(Given material)
□ □ □ □ □ □ □

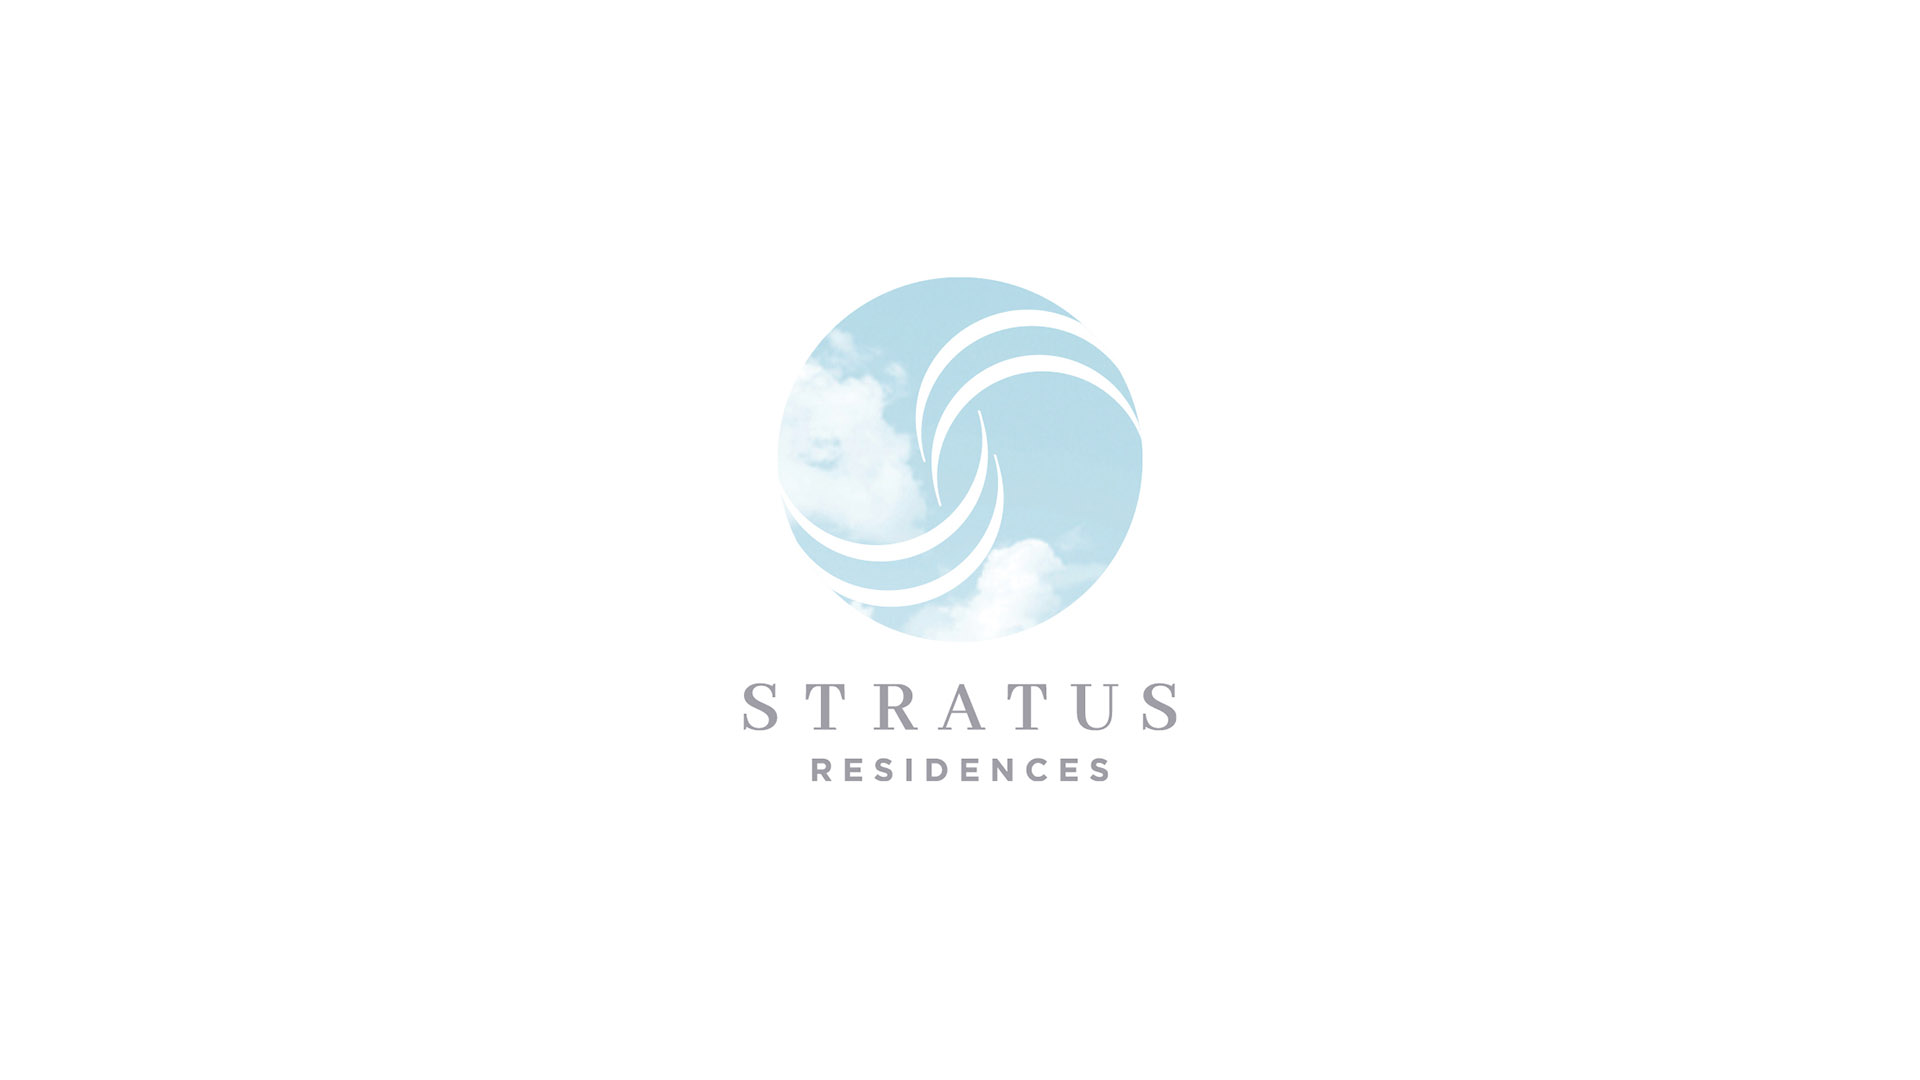 stratus residences cloud logo on white
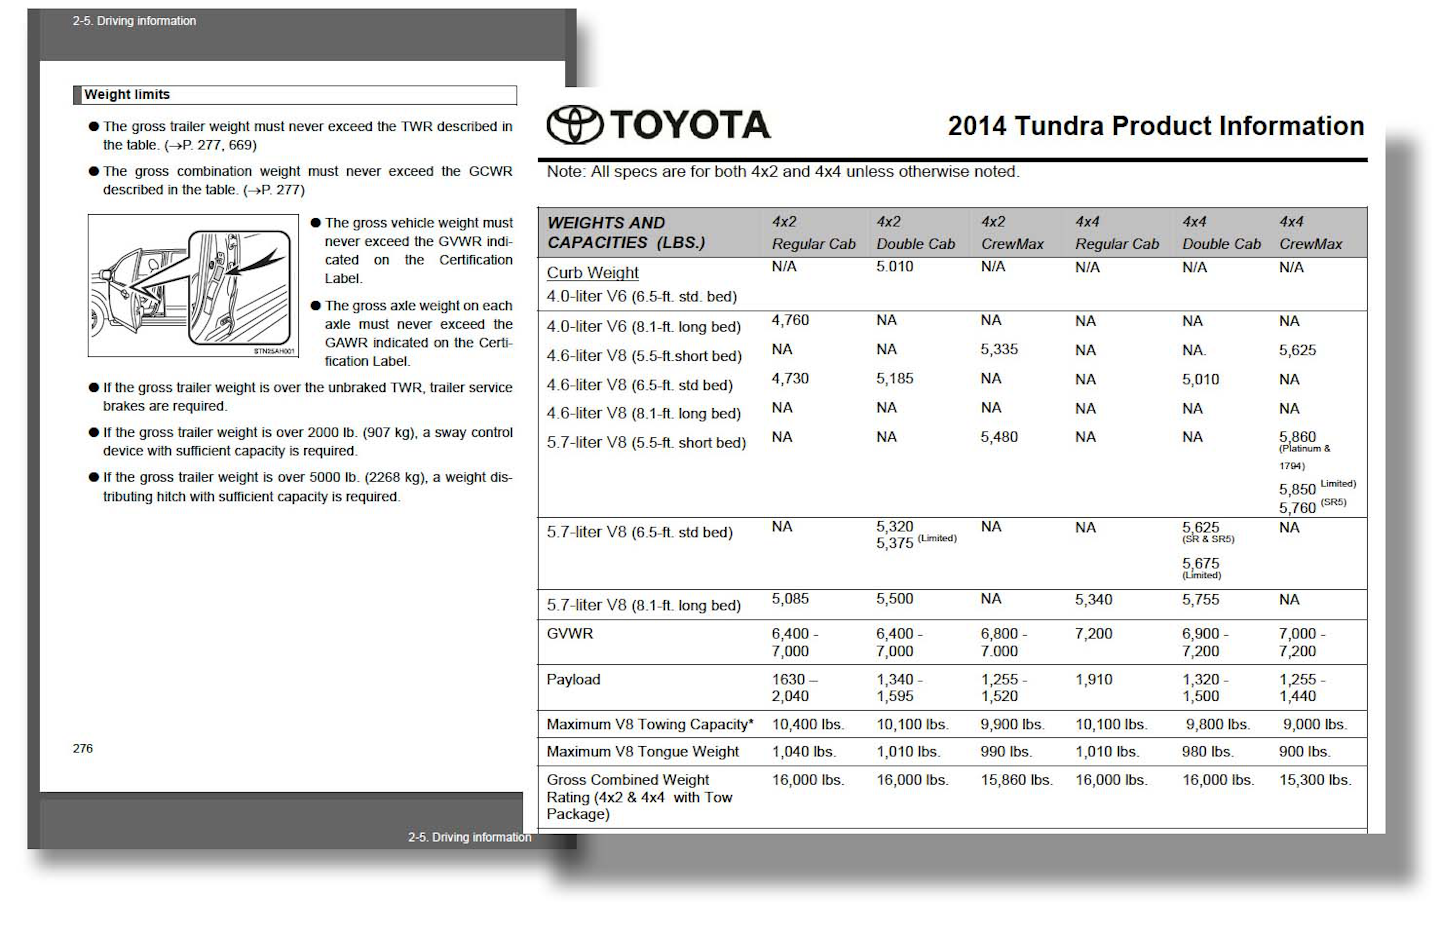 ROAD TEST: 2014 Toyota Tundra Crew Max Platinum | Hard Working Trucks
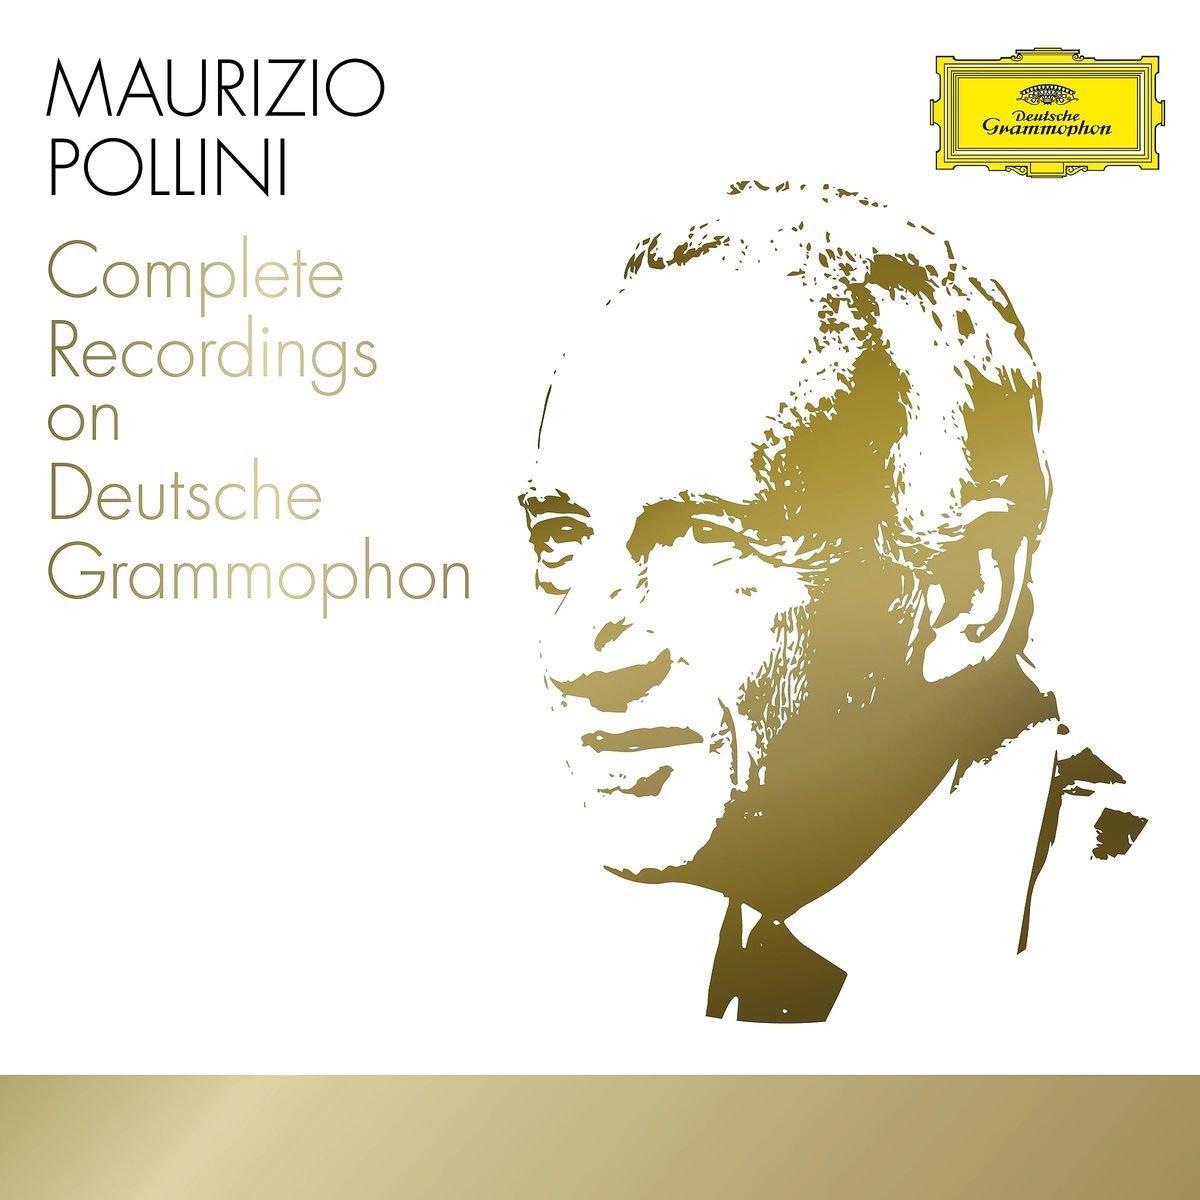 Maurizio Pollini - Complete Recordings on Deutsche Grammophon Box set | Maurizio Pollini

□ □ □ □ □ □ □

(Prompt)
Which lines run from the one containing "ROAD TEST: 2014" to the end of the data above? Set down those lines exactly, and only those, without any pictures.

(Task answer)
 ROAD TEST: 2014 Toyota Tundra Crew Max Platinum | Hard Working Trucks
 Maurizio Pollini - Complete Recordings on Deutsche Grammophon Box set | Maurizio Pollini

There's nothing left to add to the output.